» **DATA EXCERPT**
---

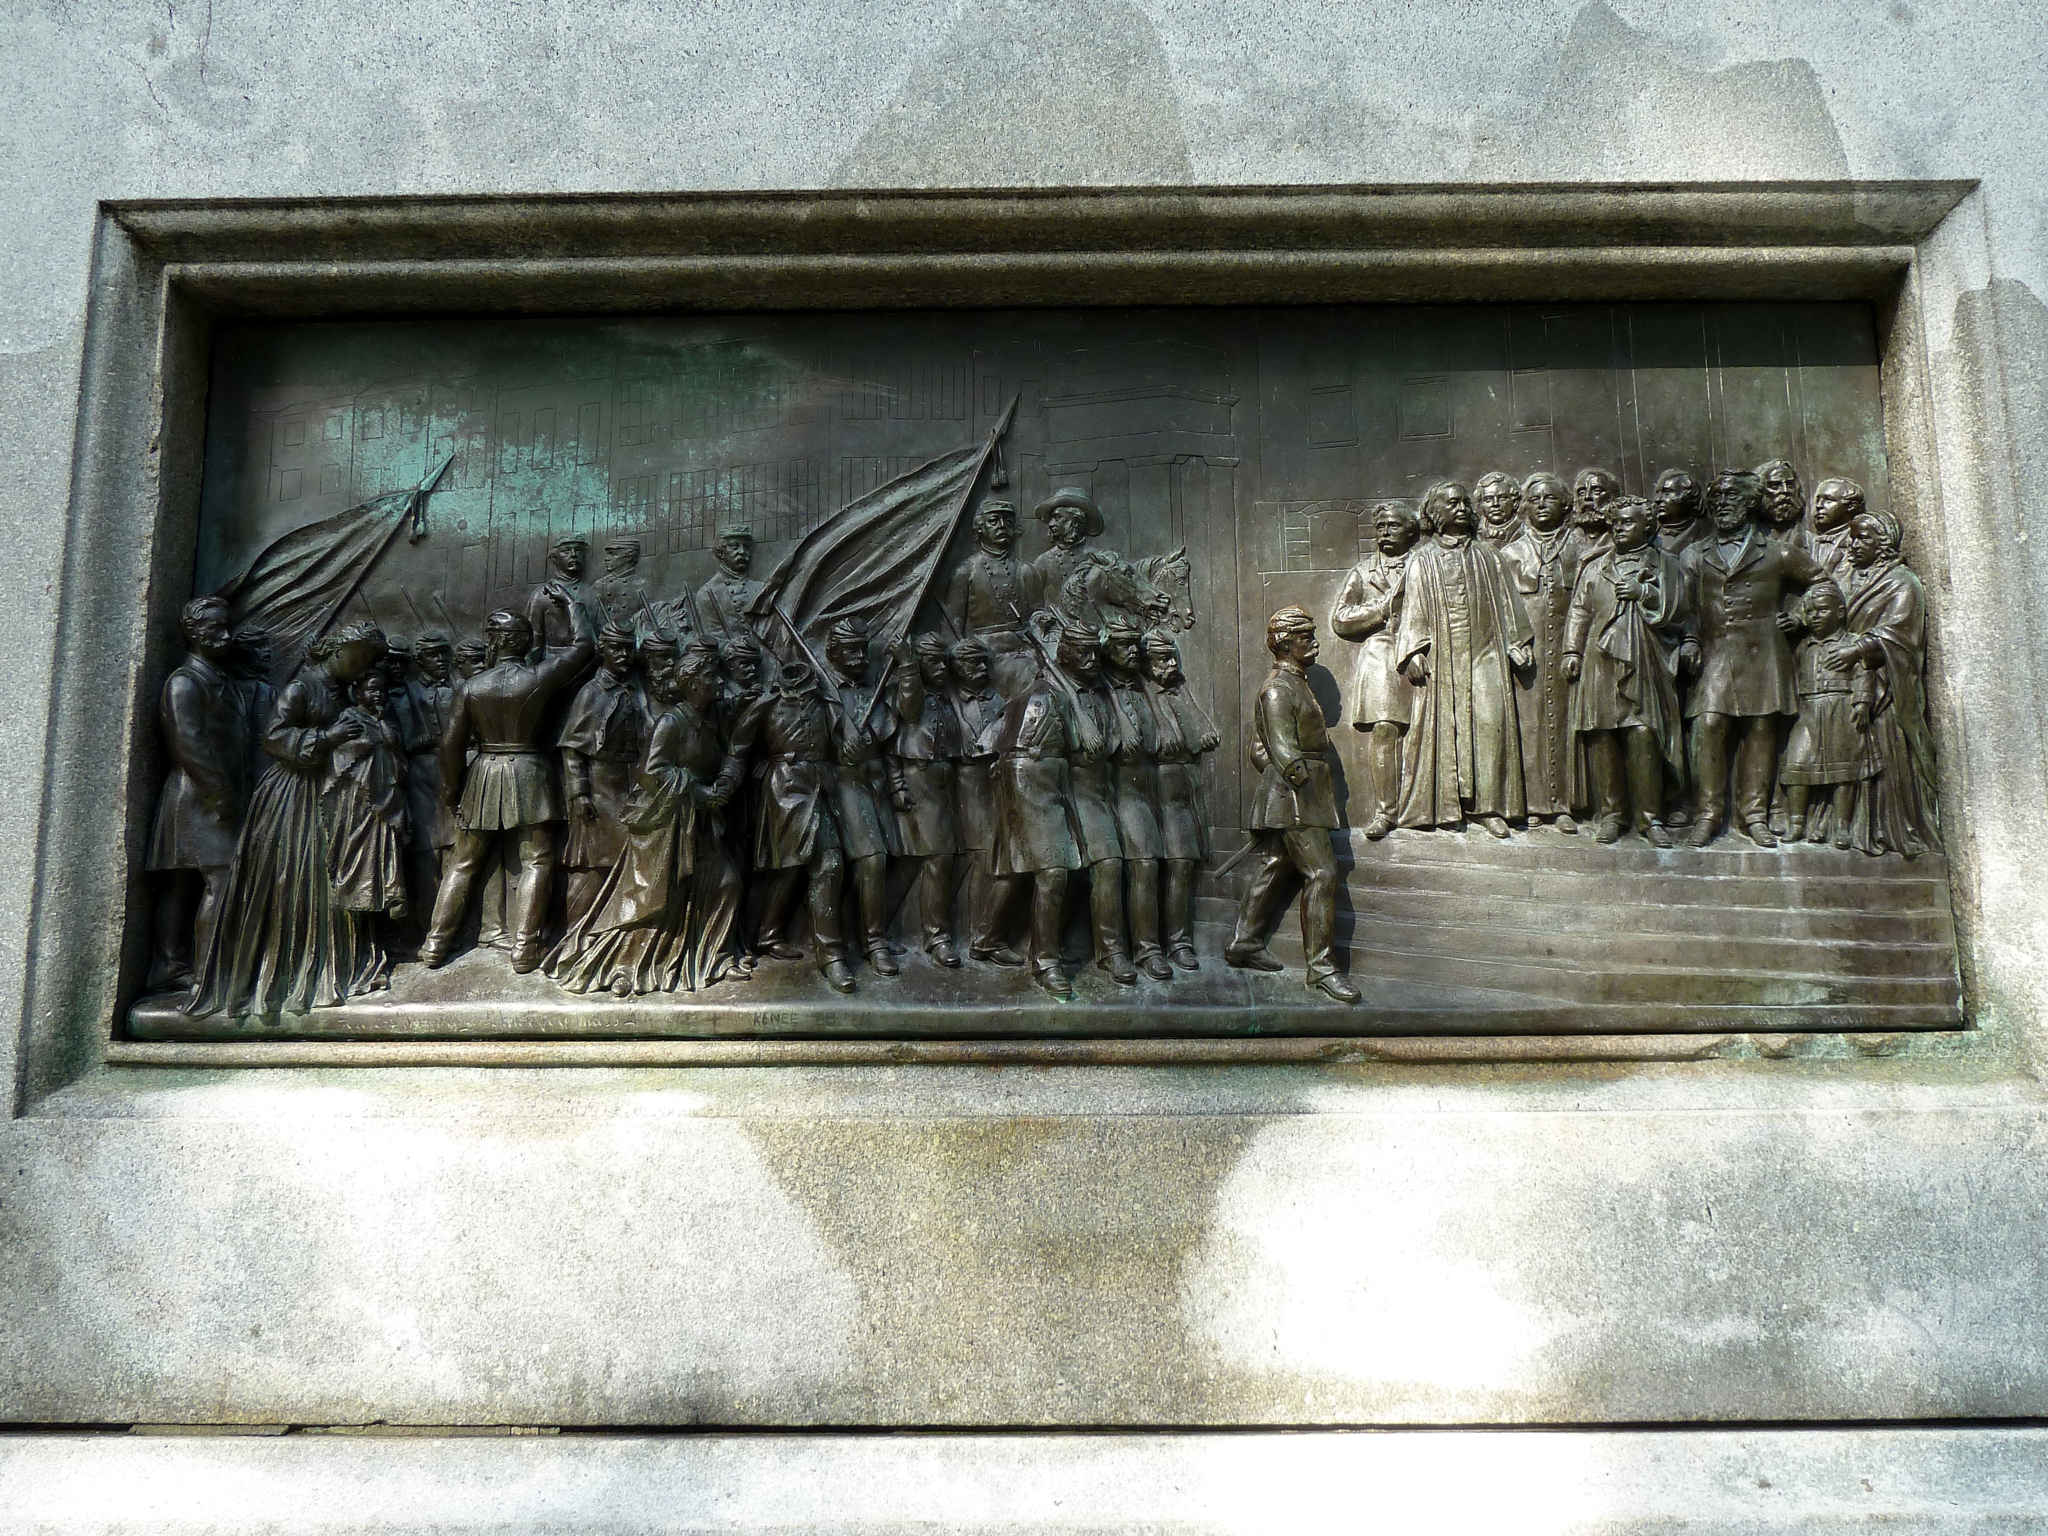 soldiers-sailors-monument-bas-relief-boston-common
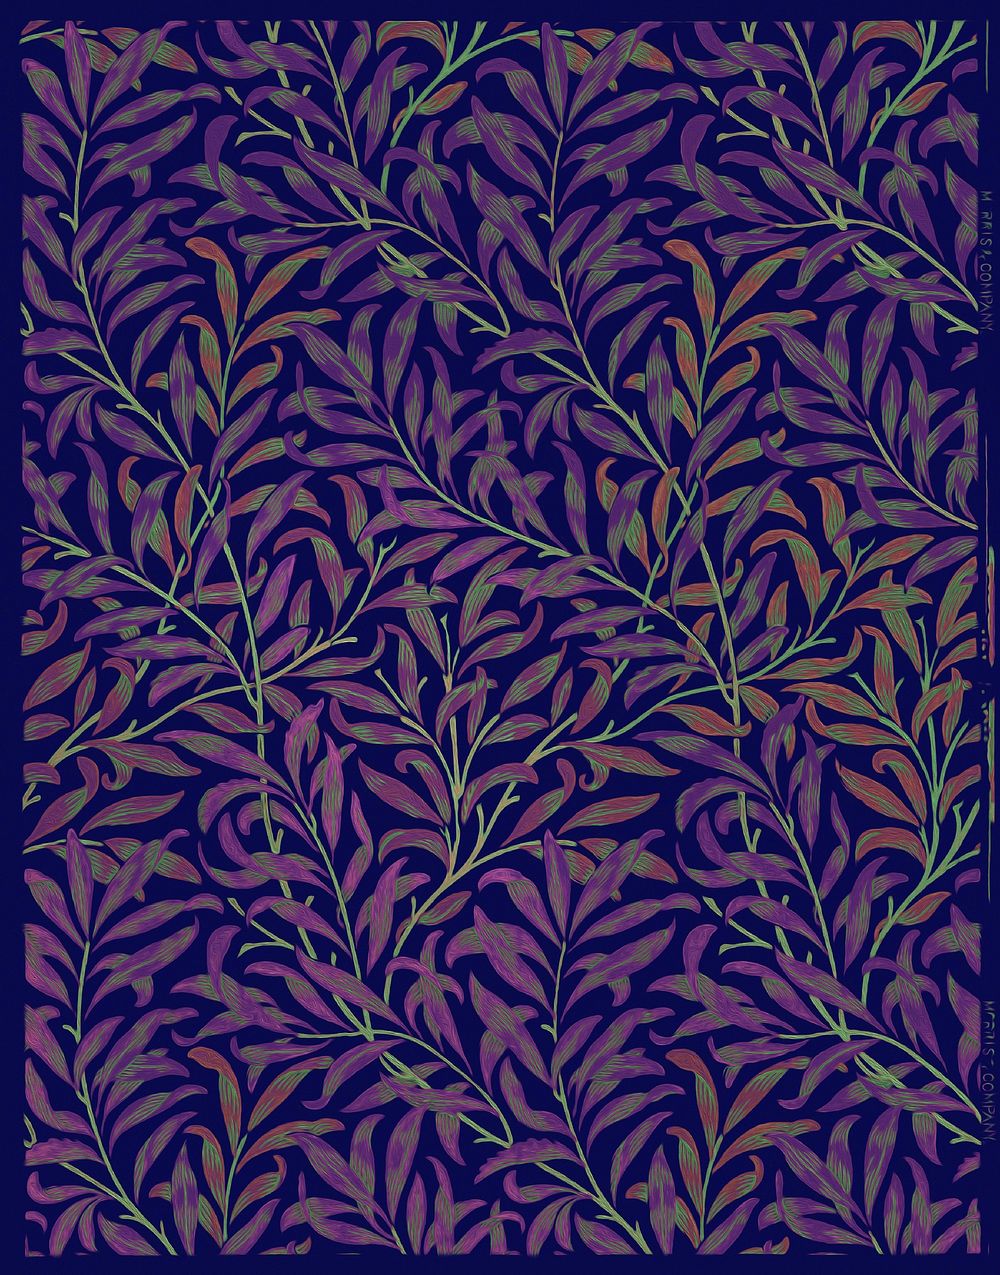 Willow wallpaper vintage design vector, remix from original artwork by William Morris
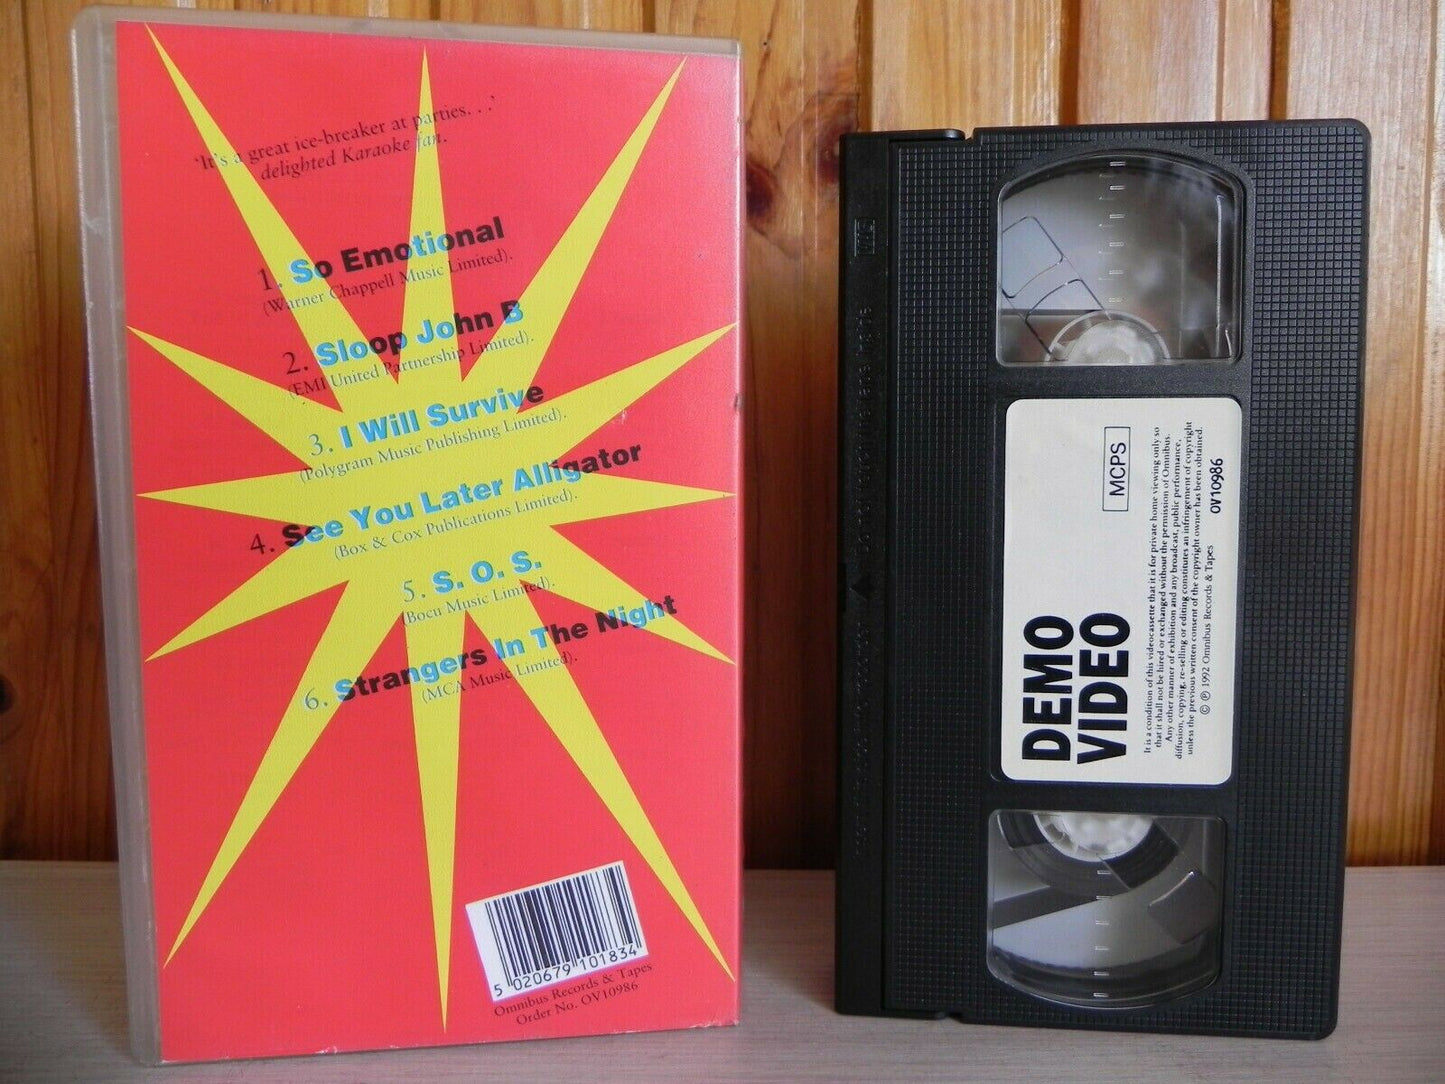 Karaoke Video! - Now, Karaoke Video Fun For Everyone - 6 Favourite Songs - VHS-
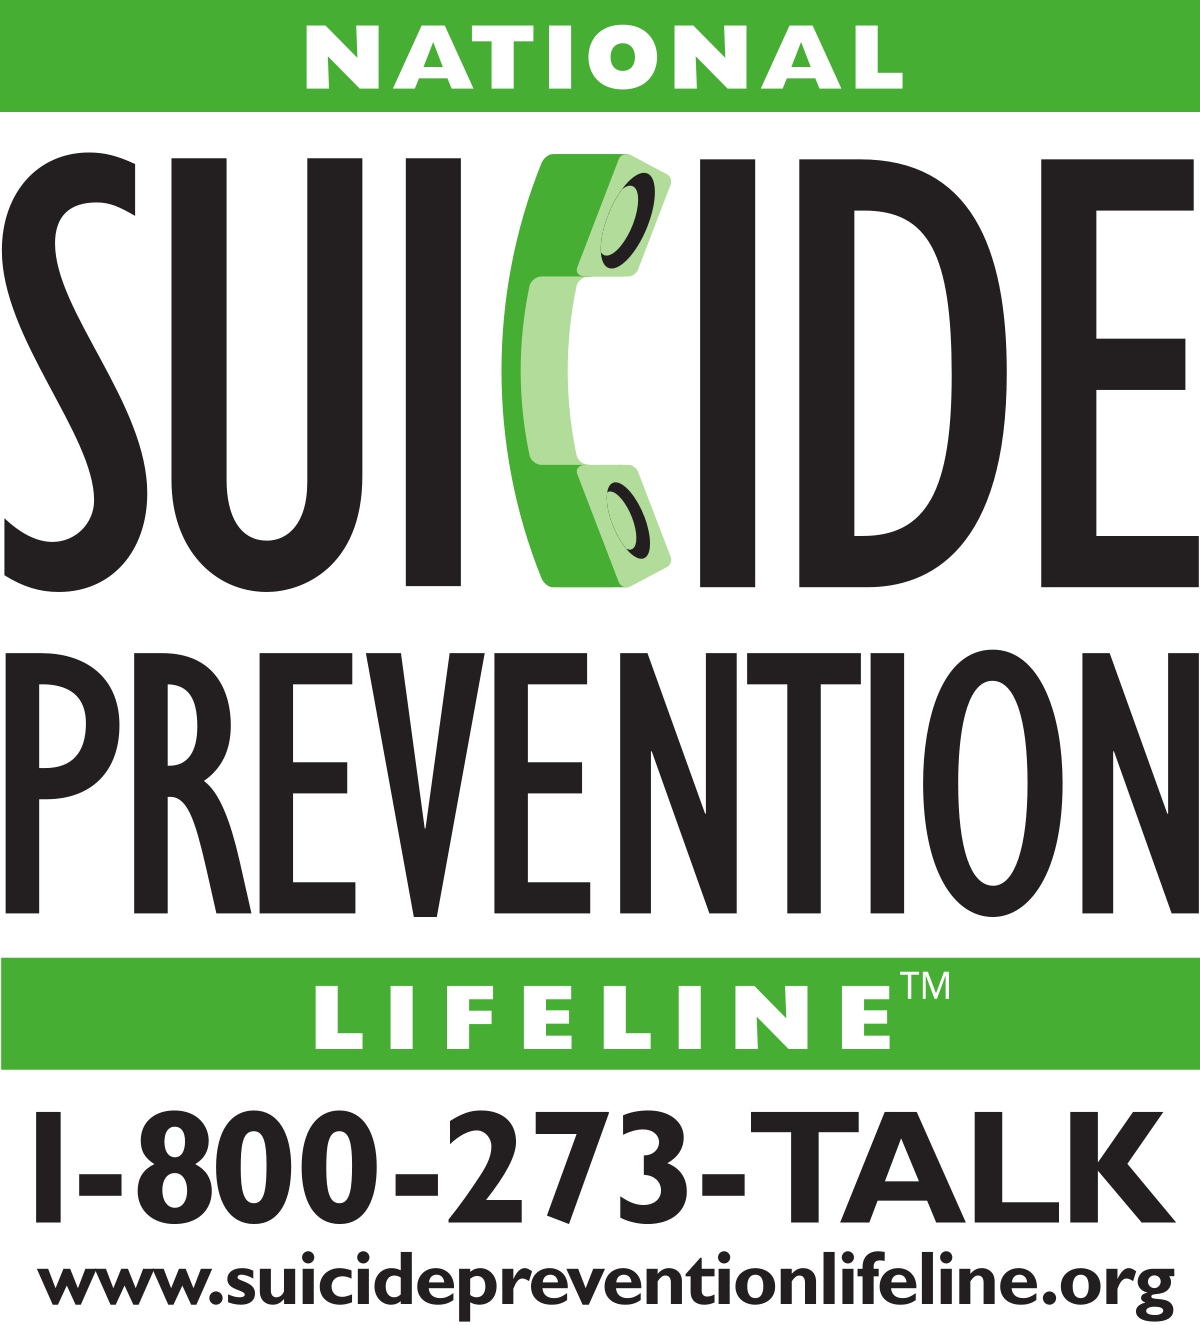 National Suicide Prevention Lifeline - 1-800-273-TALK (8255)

---

» **WHAT YOU WILL DO**
Leave out the images and repeat the rest of the data word for word.

» **WRITTEN SOLUTION**
 soldiers-sailors-monument-bas-relief-boston-common
 Willow wallpaper vintage design vector, remix from original artwork by William Morris
 Karaoke Video! - Now, Karaoke Video Fun For Everyone - 6 Favourite Songs - VHS-
 National Suicide Prevention Lifeline - 1-800-273-TALK (8255)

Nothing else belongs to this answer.